### Data provided
·····

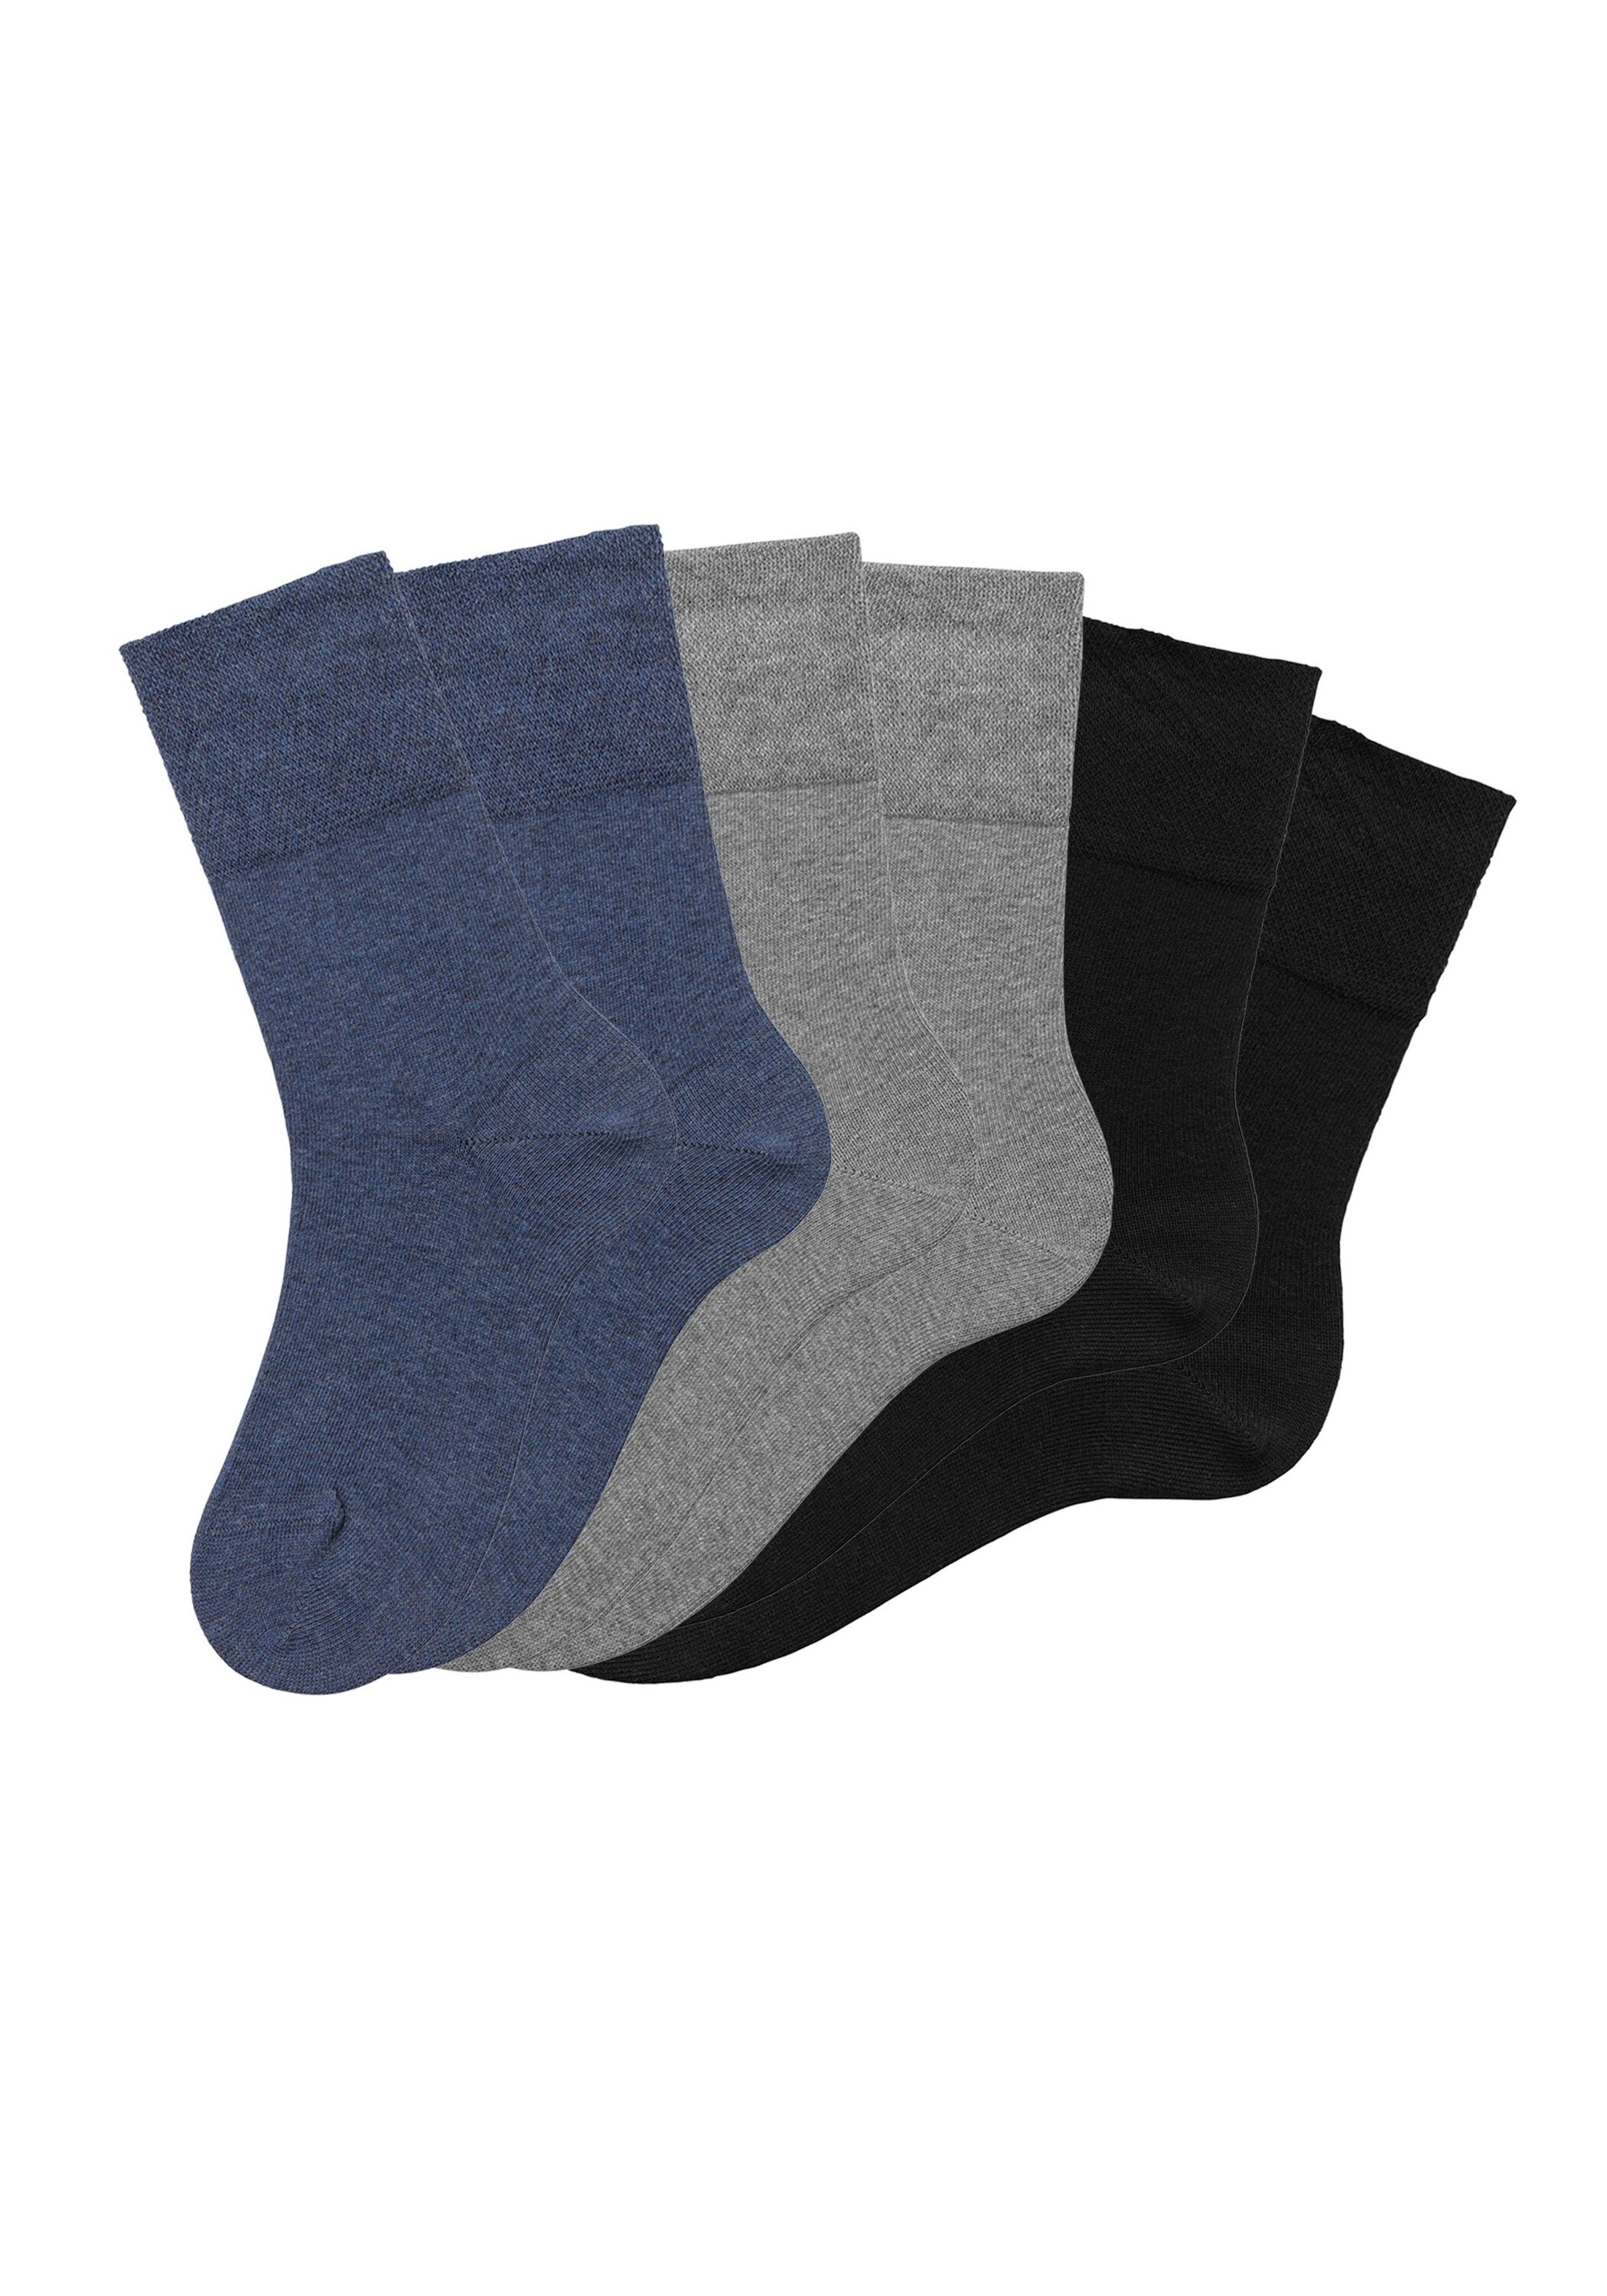 Носки H.I.S, цвет 2x jeans, 2x schwarz, 2x grau meliert носки bench sport цвет 2x schwarz 2x weiß 2x grau meliert
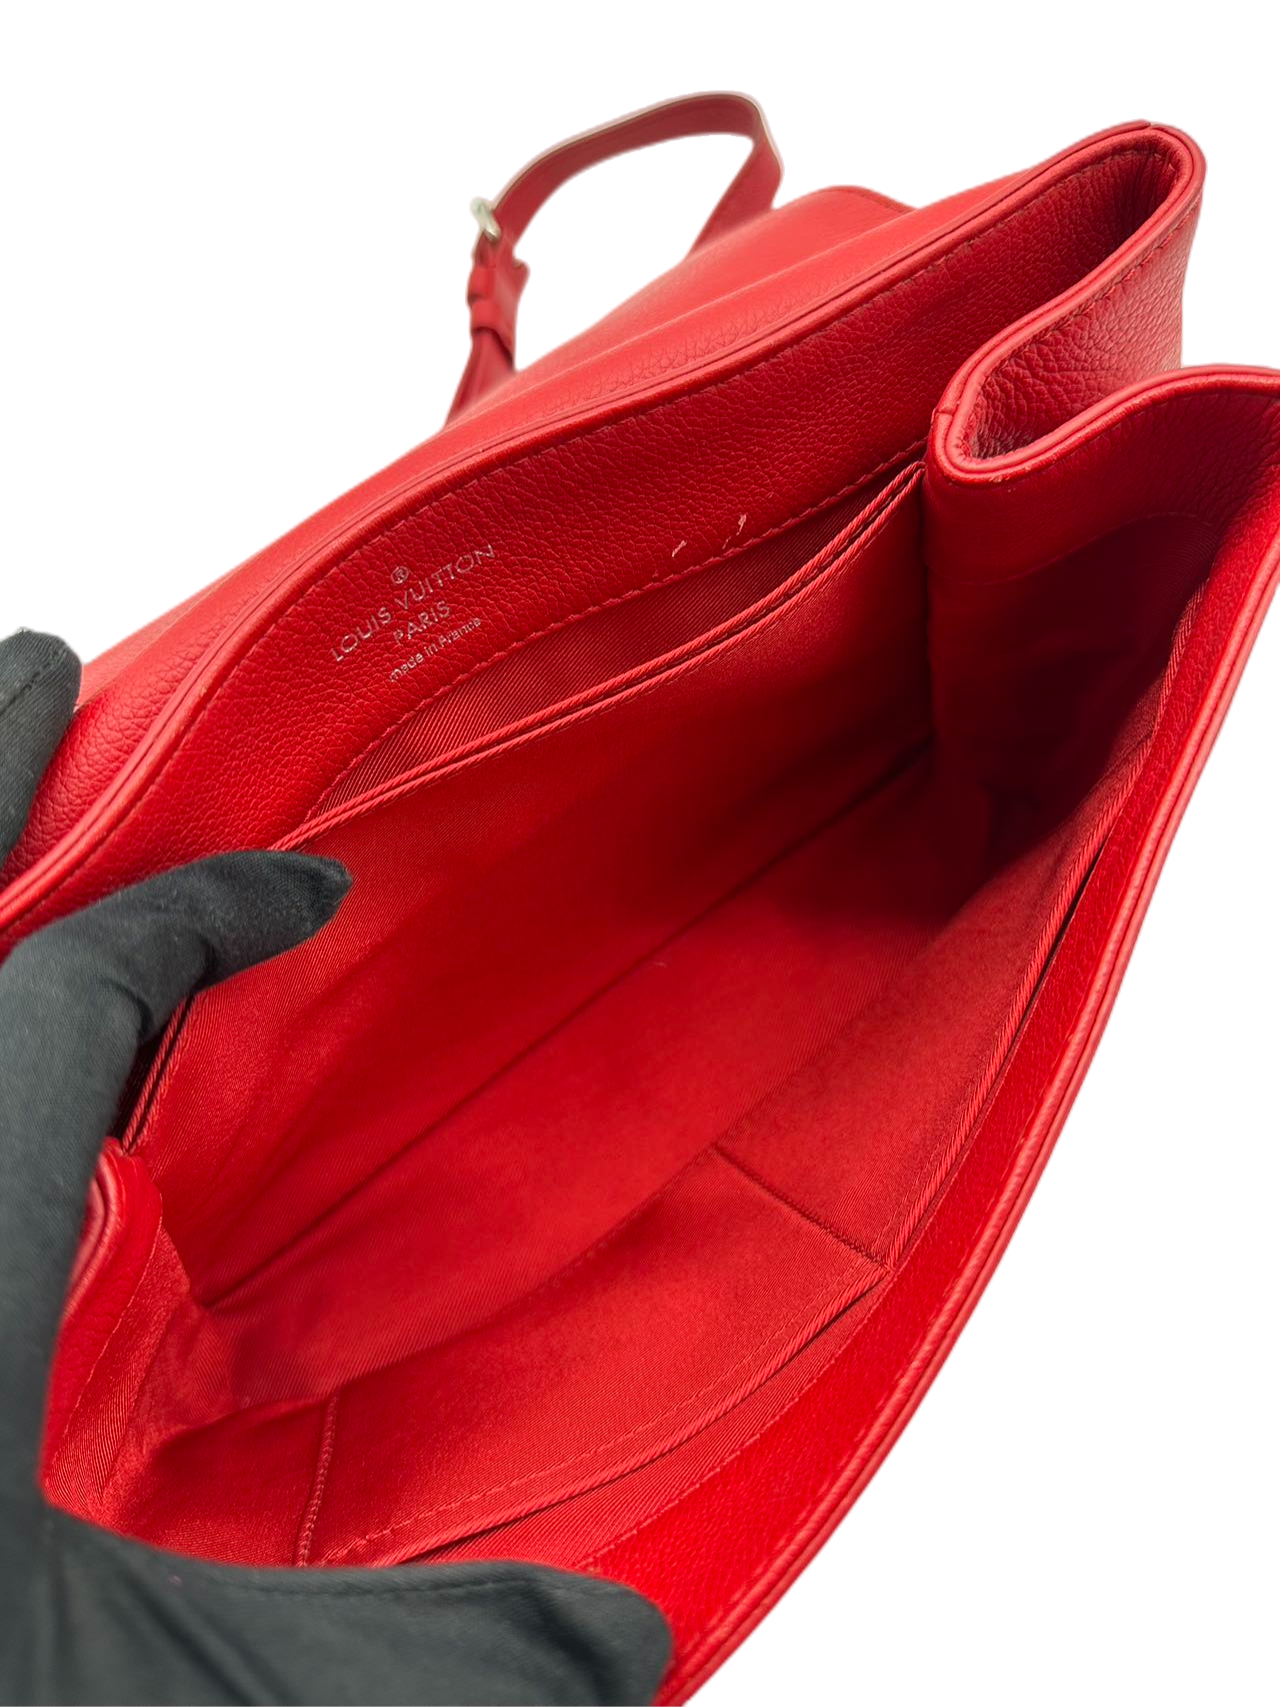 Preloved Louis Vuitton Red Leather Lockme Shoulder Bag Crossbody
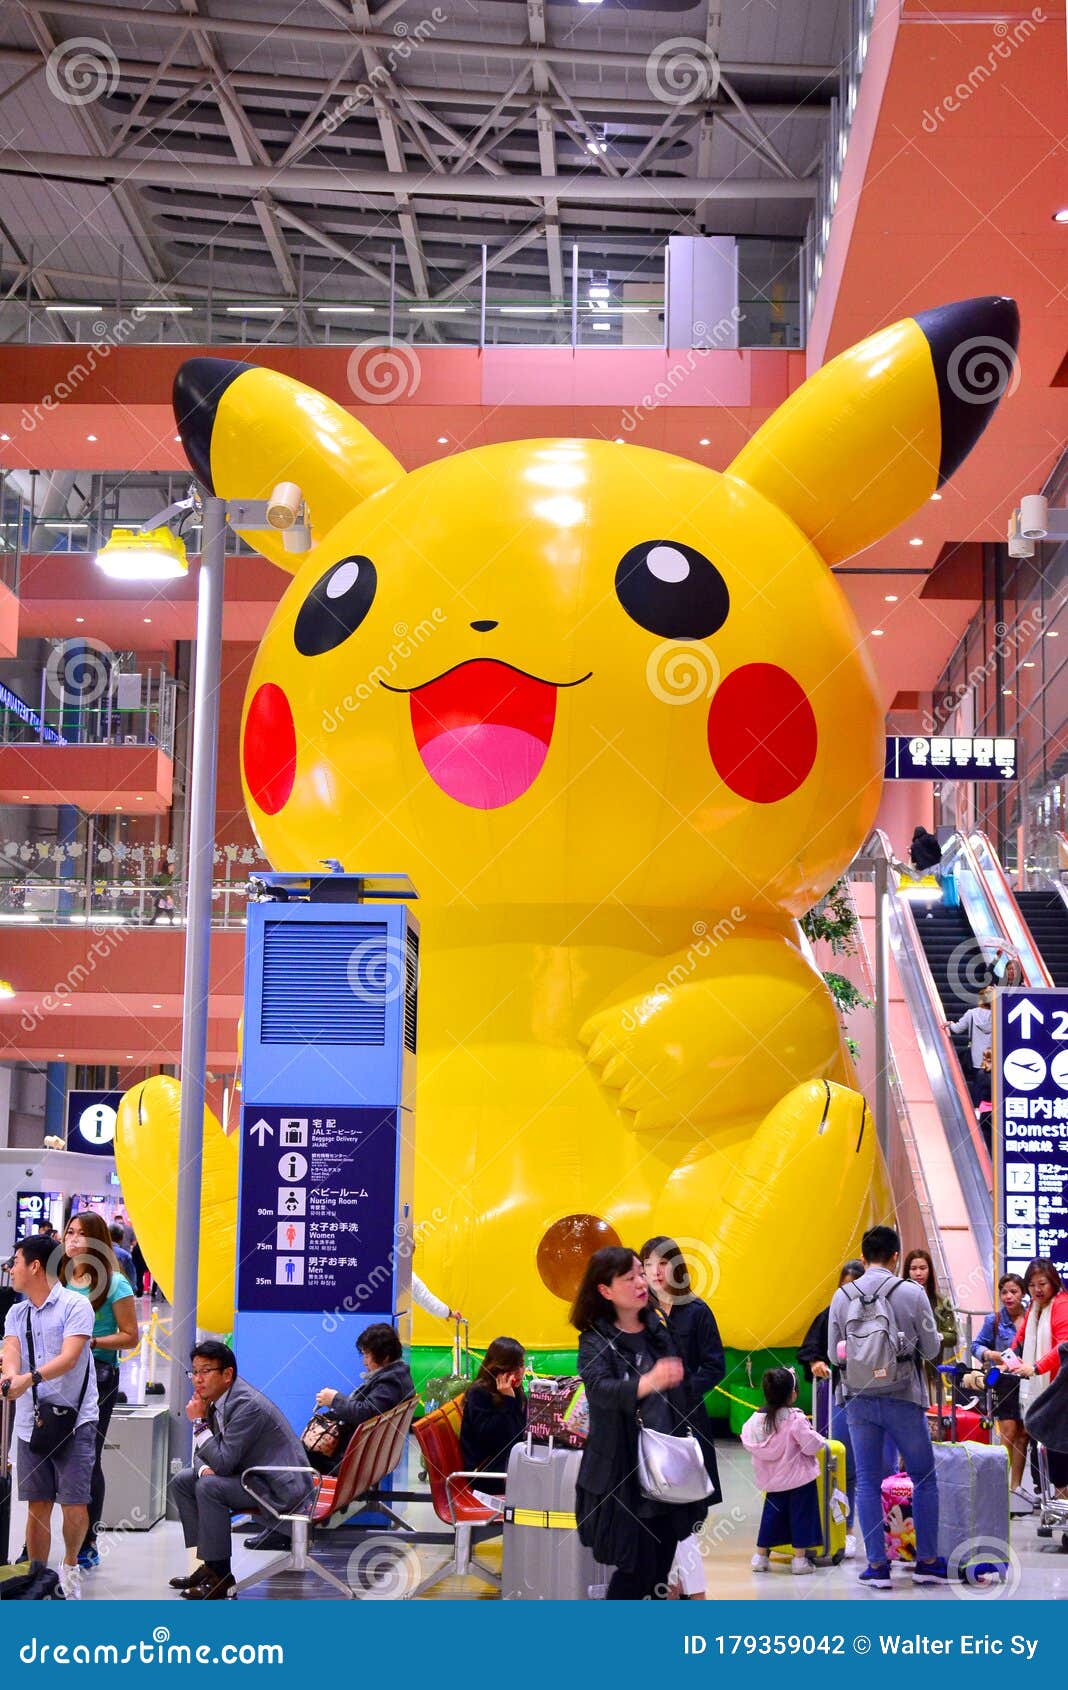 Pikachu Of Pokemon Big Figure At Kansai International Airport Interior In Osaka Japan Editorial Photography Image Of Osaka Book

·····

### Your instructions
What is needed here is each line above set down word for word, minus the images.

### Solution for this problem
 Носки H.I.S, цвет 2x jeans, 2x schwarz, 2x grau meliert носки bench sport цвет 2x schwarz 2x weiß 2x grau meliert
 Preloved Louis Vuitton Red Leather Lockme Shoulder Bag Crossbody
 Pikachu Of Pokemon Big Figure At Kansai International Airport Interior In Osaka Japan Editorial Photography Image Of Osaka Book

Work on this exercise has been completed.